(Data entries)
'''
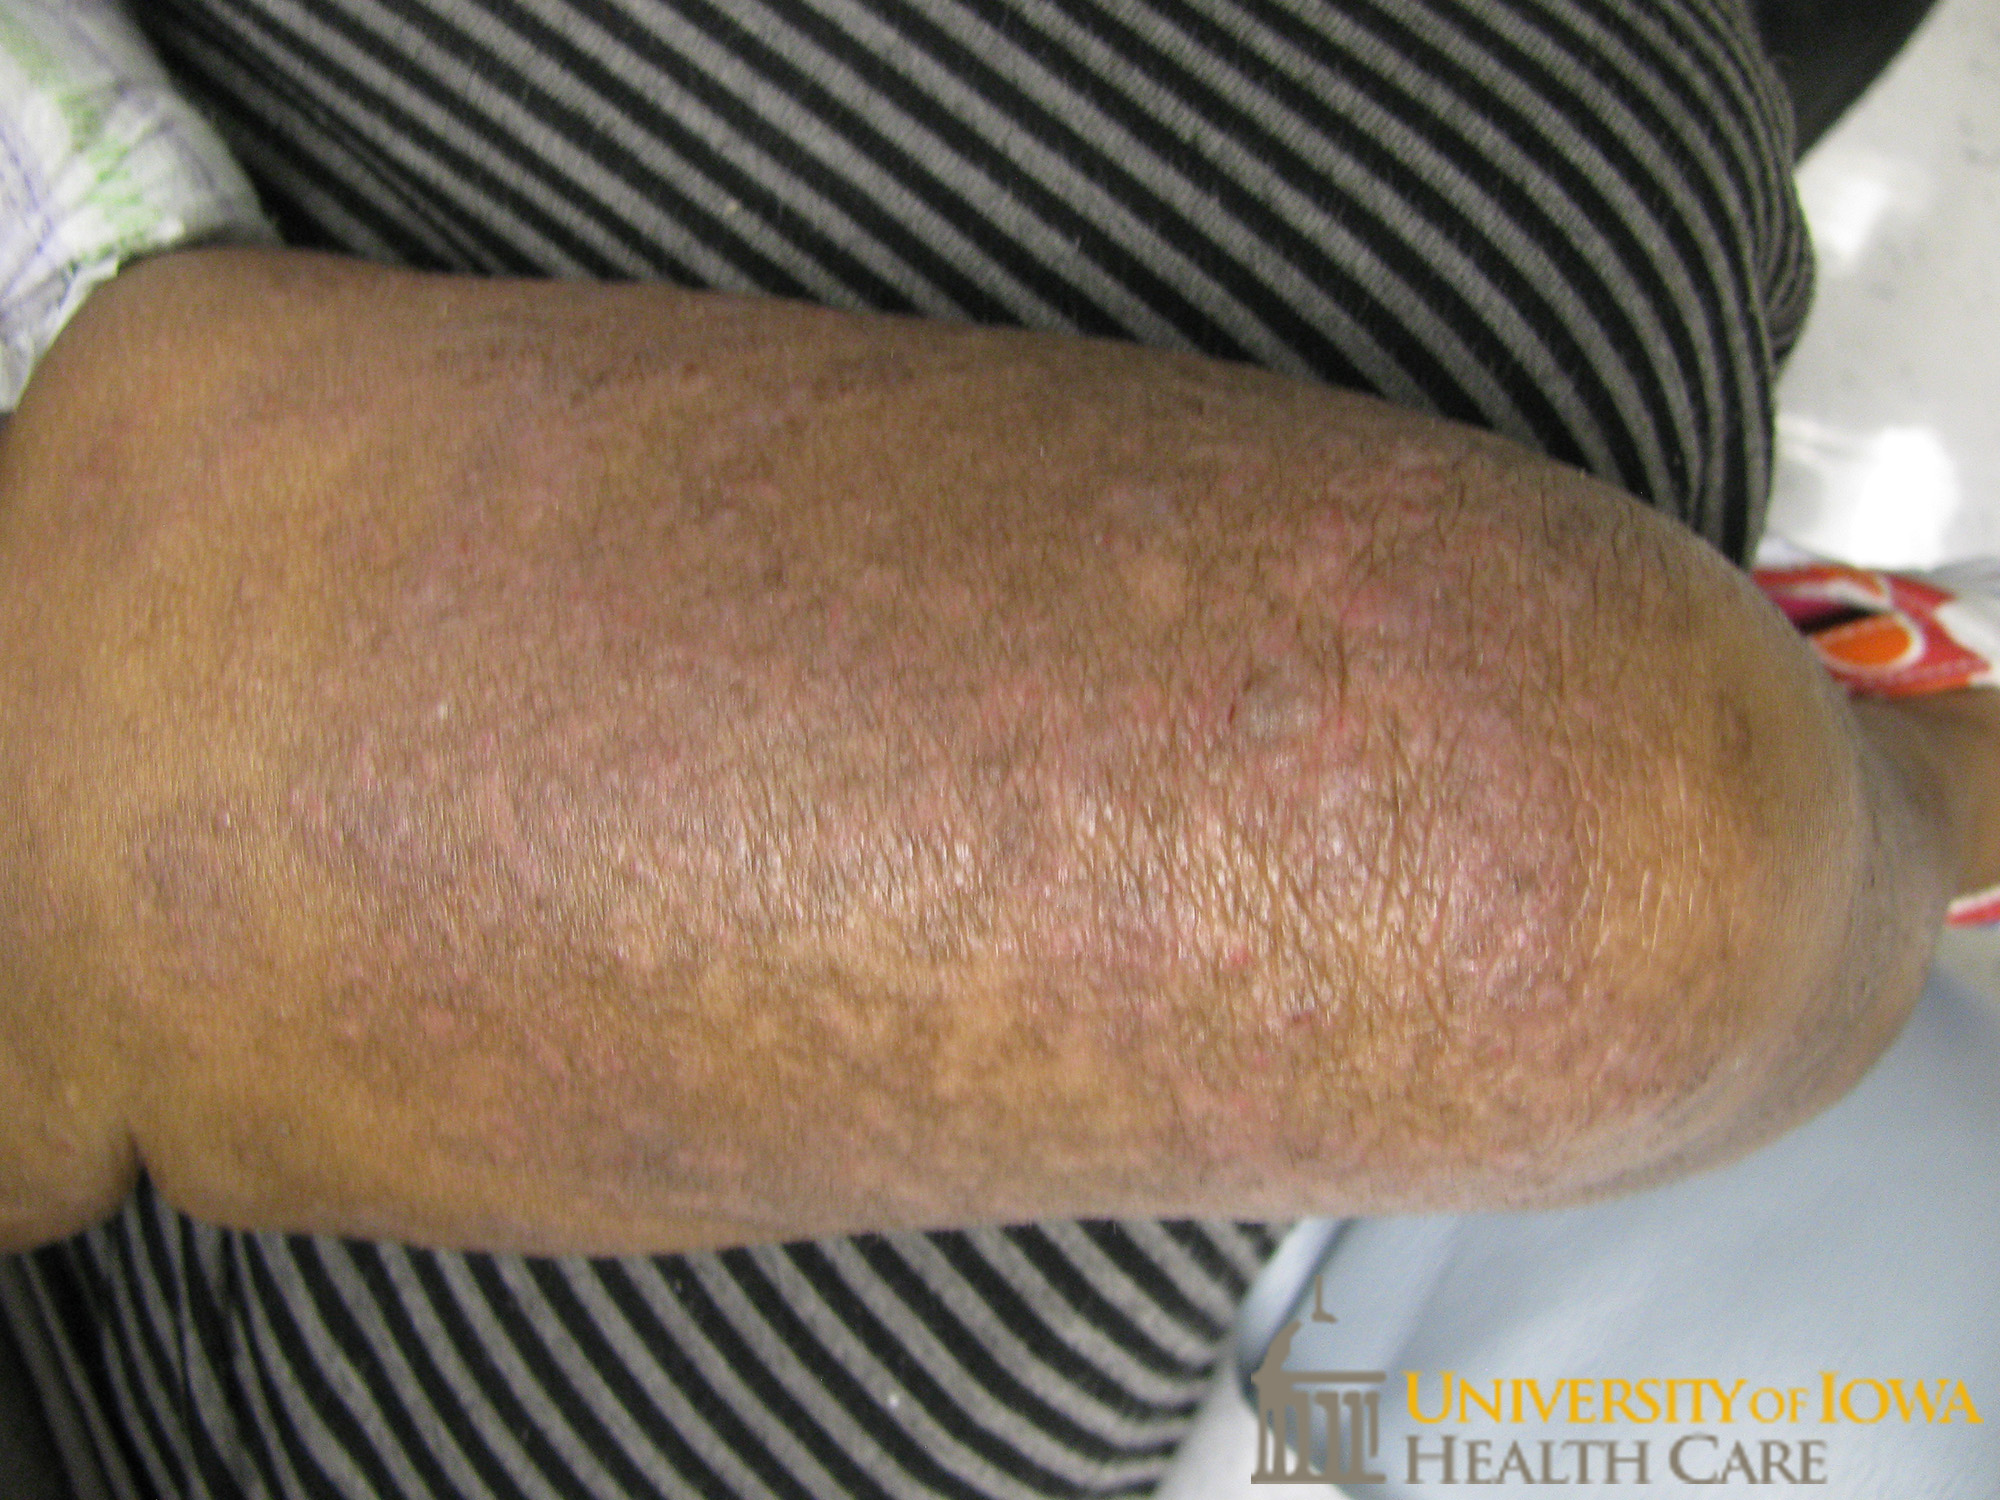 Hyperpigmented to erythematous lichenified scaly plaques on the lower legs. (click images for higher resolution).
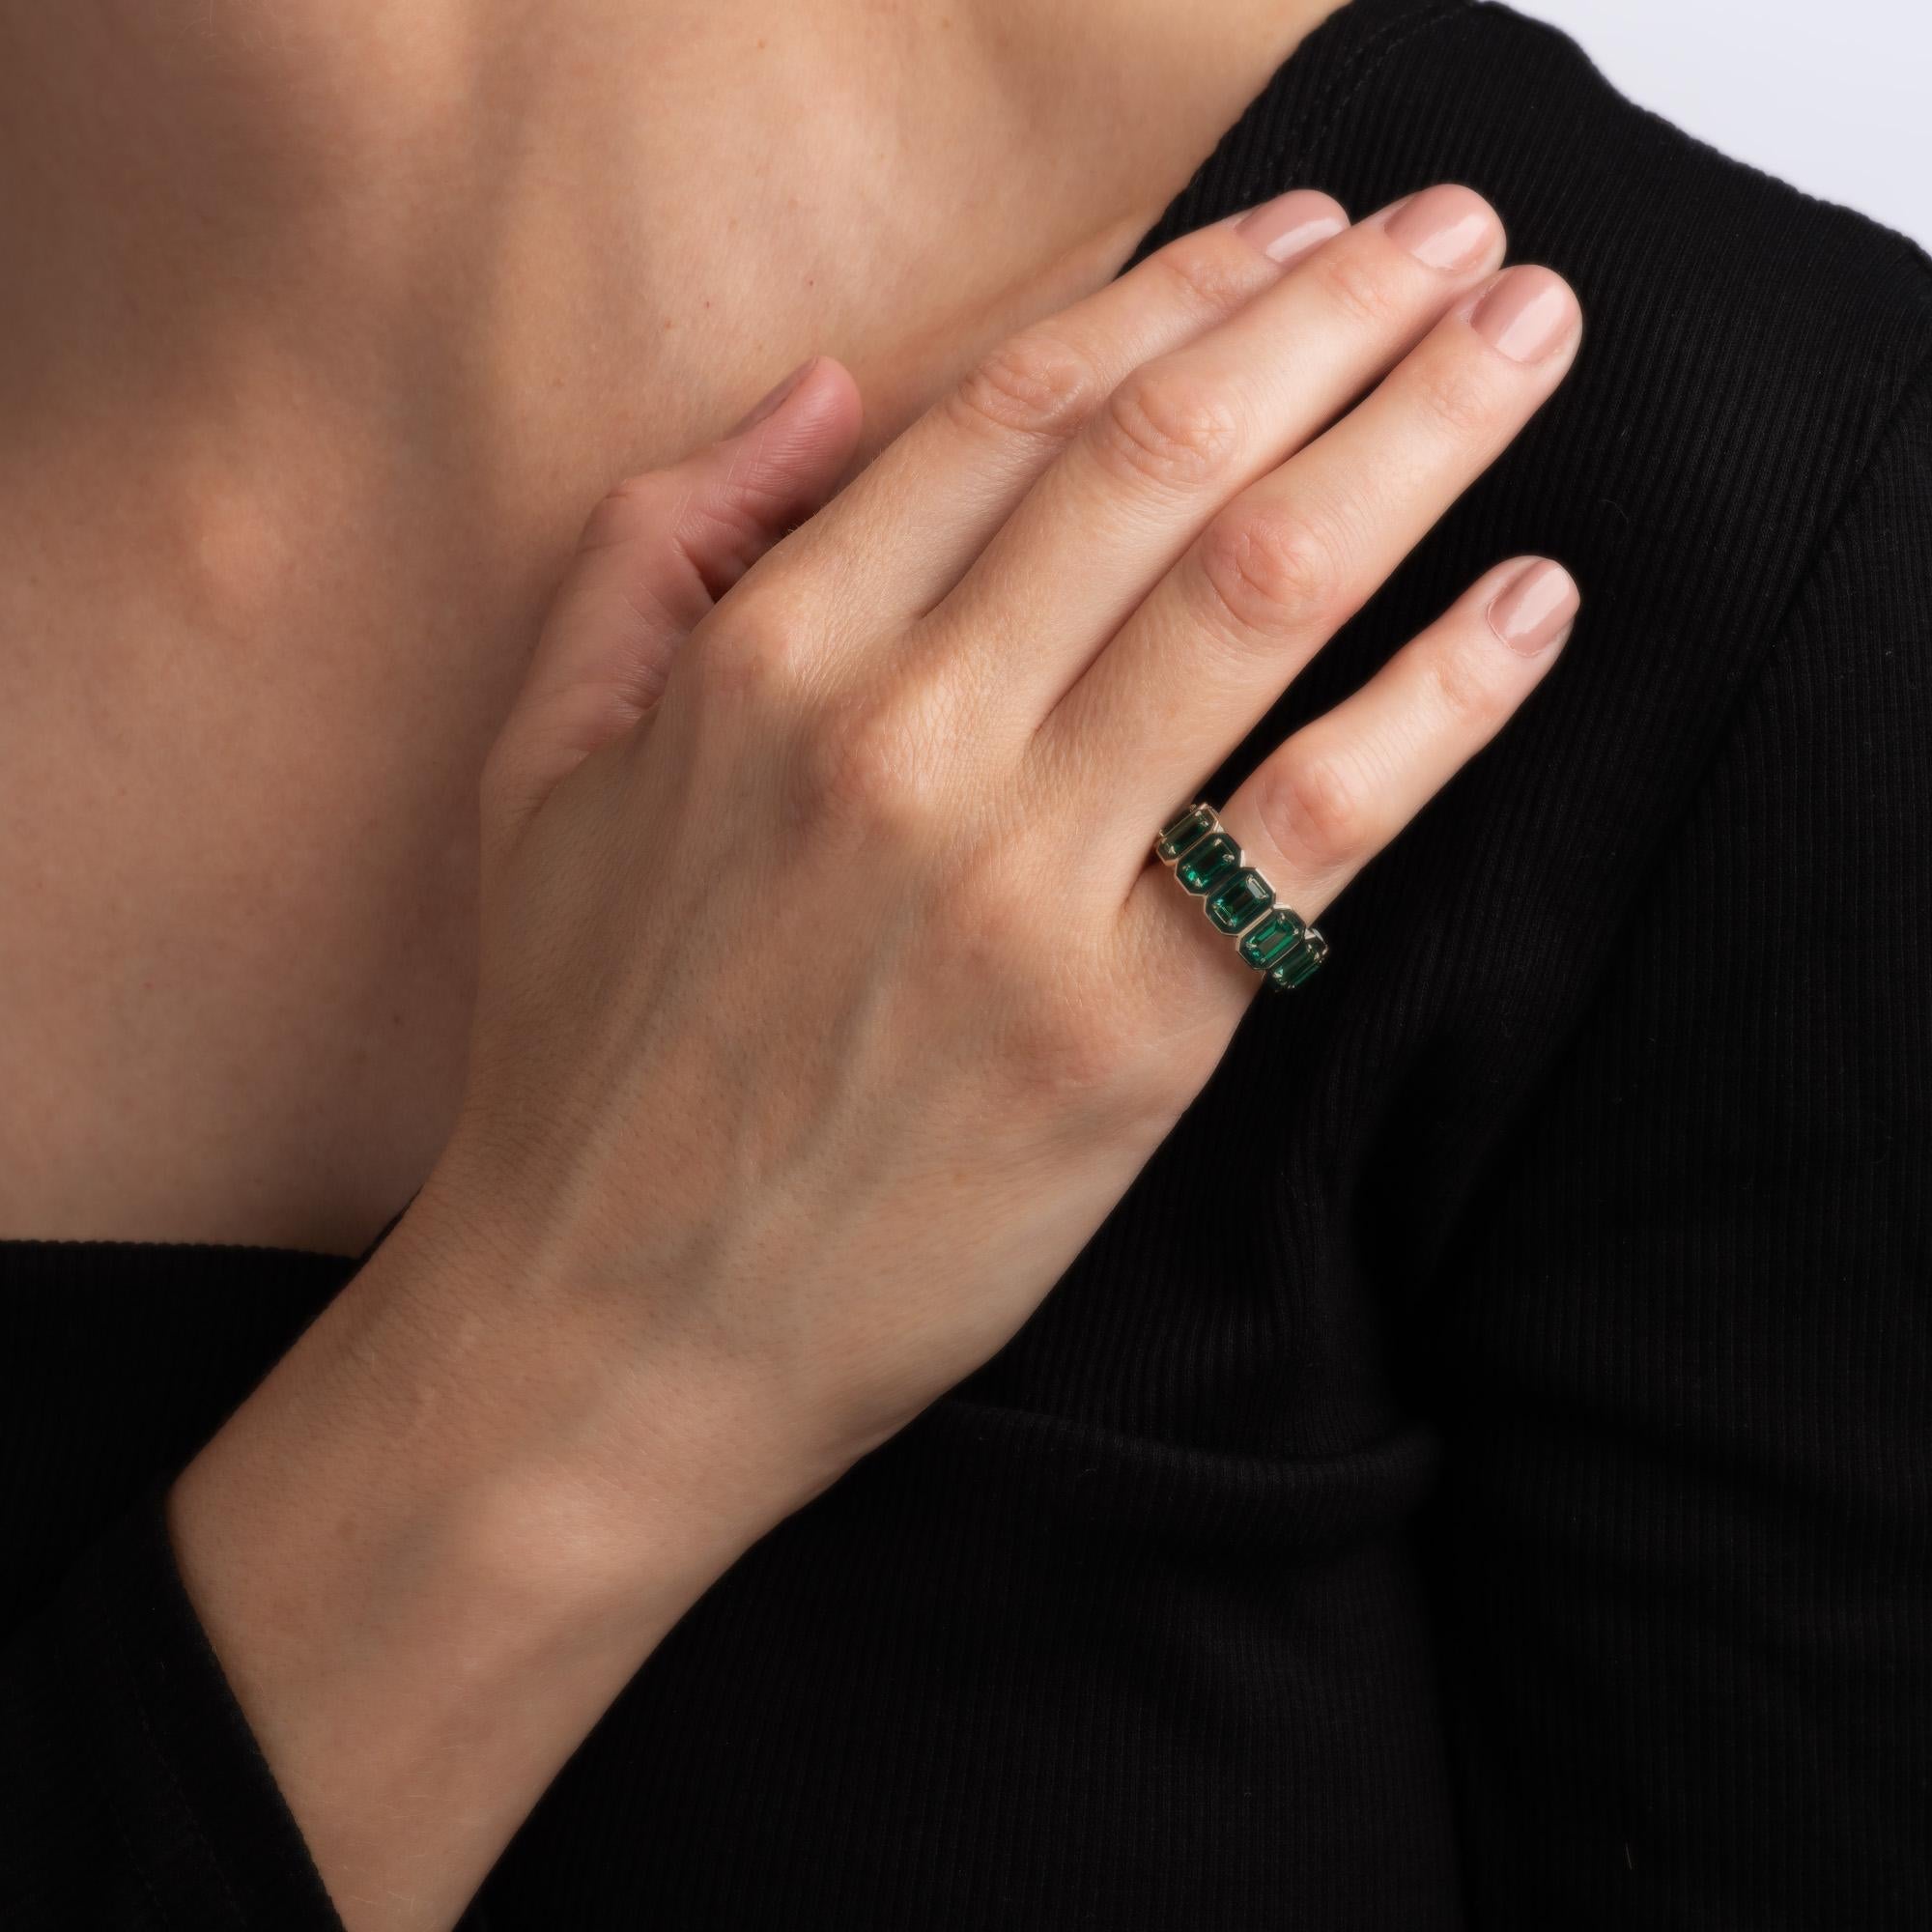 Overview:

Stylish pre-owned Alison Lou created emerald rectangular eternity ring crafted in 14 karat yellow gold. 

Created emeralds each measure 4.5mm x 3mm. The stones are in very good condition and free of cracks or chips. 

The eternity band
'''
Task instructions ->
Reproduce each entry precisely, dropping only the pictures.

Task result ->
 Hyperpigmented to erythematous lichenified scaly plaques on the lower legs. (click images for higher resolution).
 Overview:

Stylish pre-owned Alison Lou created emerald rectangular eternity ring crafted in 14 karat yellow gold. 

Created emeralds each measure 4.5mm x 3mm. The stones are in very good condition and free of cracks or chips. 

The eternity band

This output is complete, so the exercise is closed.